# synthetic oil quaestions



## james.j.smith (Sep 20, 2010)

I'm thinking about buying a power stroke and have been doing some homework before I purchase a truck. There are reports of increased fuel economy by switching over to all synthetic oil (engine, gear, transmission and transfer case). Has anyone accomplished this switch? have you seen the increase in MPGs? is any type of flush required before switching? how much did it cost you to make the switch?


----------



## oldmankent (Mar 2, 2001)

When I had a 96 PSD I ran synthetic in everything but the engine. I think you have to run synthetic in the tranny. The engine oil is in there for such a short time I don't think synthetic is worth it unless you are running a bypass filter and doing engine analysis. 14 quarts of synthetic would be a tough one to swallow. depending on the miles, if the truck hasn't been run with synthetic I've heard switching isn't really going to benefit it.


----------



## dieselss (Jan 3, 2008)

Ive been running amsoil for years in all my engines. Yes the 16 qts is hard to swallow but imo its worth it. To get 12-15 thousand out of an oil is worth the expense. As far as mpgs,,,i would say at least 1-5 gain. But thats just a ruff guess, i dont remeber what my numbers were before the oil switch.


----------



## Raymond S. (Jan 8, 2008)

1-5 MPG? That's a bit of a stretch don't you think?


----------



## dieselss (Jan 3, 2008)

Not really,,,I know there's claims oh higher out there. Just what I think I have gotten overall


----------



## mustangman02232 (Mar 21, 2011)

I run syn in the motor and duffs, it's usually recommended to stay with merc for the trans, especially in the torque shifts, an extra $15-20 bucks every other month isnt even a case of beer


----------



## 2COR517 (Oct 23, 2008)

A DIY oil change might cost an extra $40 to run full synthetic 5W-40 Rotella vs. Dino 15W-40


----------



## show-n-go (Feb 5, 2009)

I run Amsoil for every fluid in my 7.3 except coolant. When I made the switch it was close to $700 but I did some other things with it. I also run all amsoil in my boat which is a ton more money but it's got a pair of 525's in it so it holds oil more than my 7.3 does, In the boat i also use their drive oil and gear lube. It has made a big difference in the life of the parts but the upfront money is hard to swallow sometimes, it is still cheaper in the long run. My Ex with the 7.3 has 180k on it, i made the swith at about 130k, the fuel is a little better but the big difference was how smooth it shifts now after the switch


----------



## NICHOLS LANDSCA (Sep 15, 2007)

dieselss;1470087 said:


> Ive been running amsoil for years in all my engines. Yes the 16 qts is hard to swallow but imo its worth it. To get 12-15 thousand out of an oil is worth the expense. As far as mpgs,,,i would say at least 1-5 gain. But thats just a ruff guess, i dont remeber what my numbers were before the oil switch.

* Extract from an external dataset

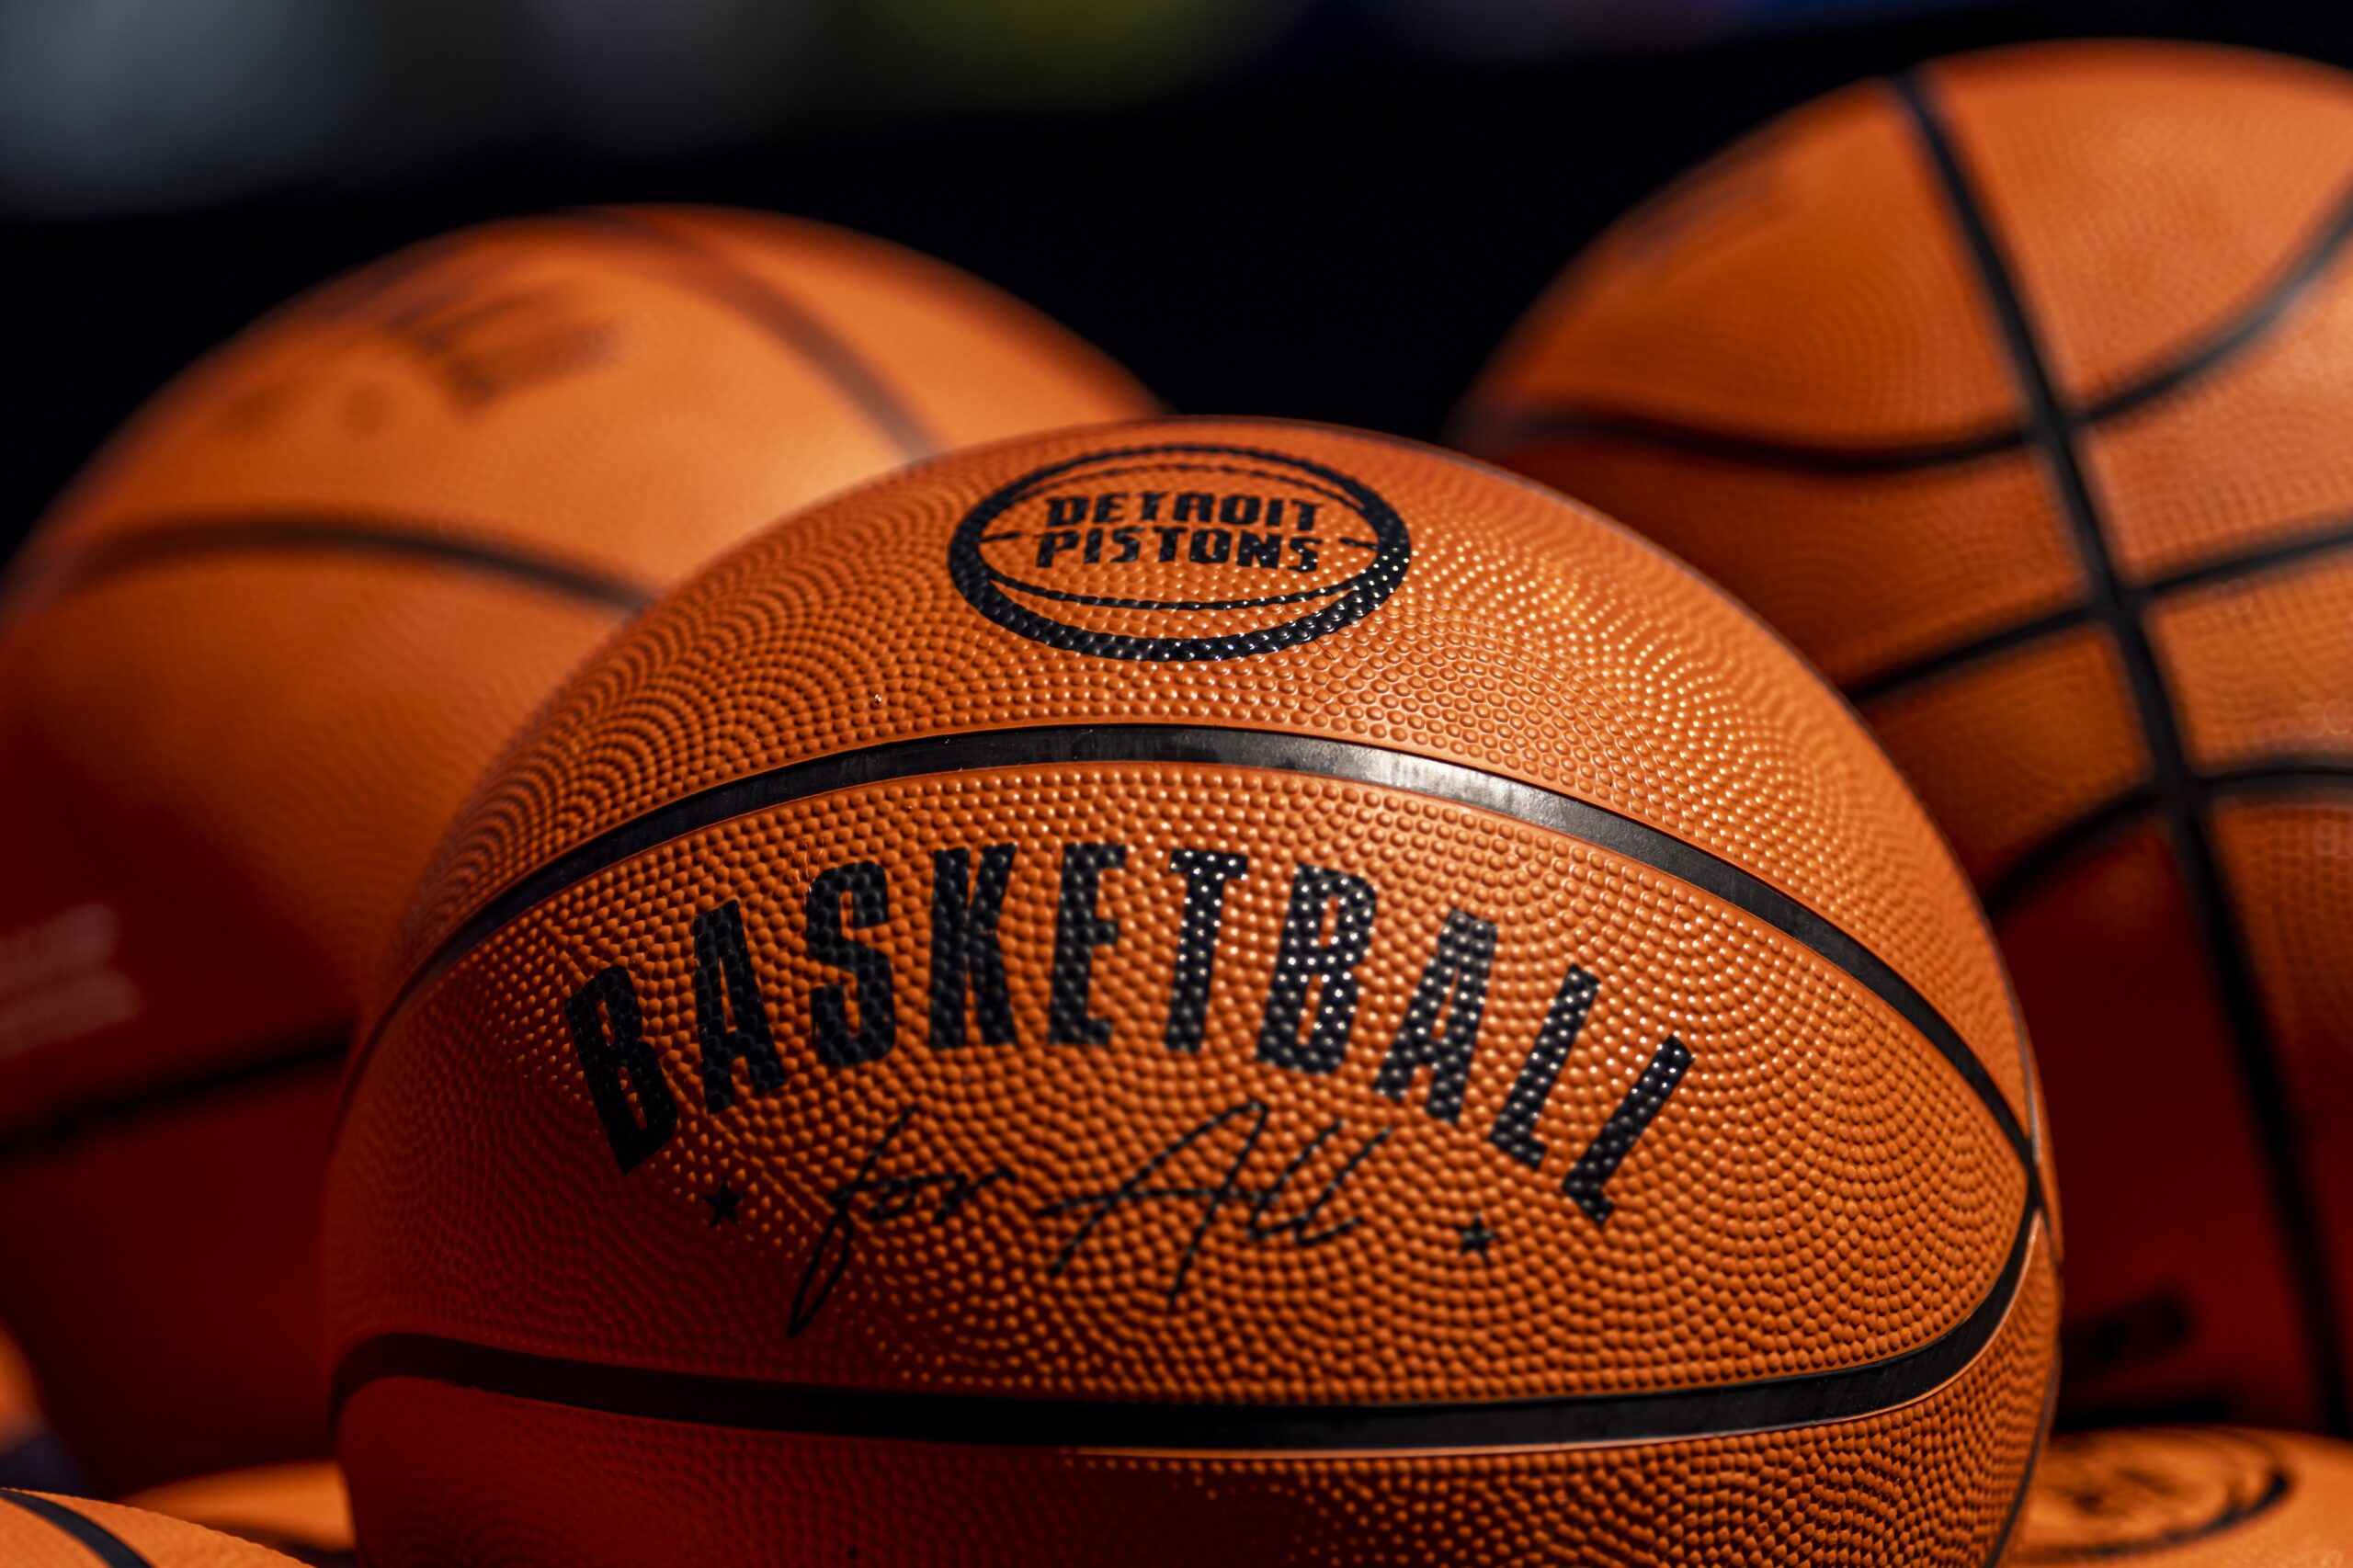 Jun 24, 2022; Detroit, Michigan, USA; A crate full of basketballs sits in front of the podium during the Detroit Pistons 2022 NBA Draft Introductory Press Conference. Mandatory Credit: Raj Mehta-USA TODAY Sports

I've been running Amsoil since the 90's, I don't care what oil you run NOTHING will give you 5mpg:laughing: I've seen an average of about 1mpg when doing everything front to rear


----------



## Tbrothers (Dec 30, 2009)

I sell and use Amsoil in everything I own. with the newer Diesel you have to be careful with the emission crap. Everytime it goes through a regen cycle it washes the cylinders with fuel and also dilutes the oil. Now Amsoil doesn't recommend extended oil intervals with out doing oil samples. Great oil


----------



## Tbrothers (Dec 30, 2009)

just a little info on someone using amsoil if your spending more than $100 a year sign up as a preferred customer and then you get it a dealer cost.


----------



## tjctransport (Nov 22, 2008)

spamsoil is not worth the money it costs.
regular old motor oil does just as good.


----------



## Squires (Jan 9, 2009)

I havn't made the change to amsoil, but plan too.
Got a buddie at work signed up to be a dealer for the savings on fluids for his dirt track car.
Canadian Tire sells their Motorcycle oil for $22/L he can get it cost at $9.60/L
OE 5-30 for my truck, not sure the store price, but again at his cost, $5.05/L
10-40 for my Sea-doo $6.30/L 
I can't beat those prices for synthetic at any parts store in my area unless it happens to be going out of business at 50% off....
Once im out or warranty i think i might try a full swap to sunthetic and try my luck, already run it in the engine


----------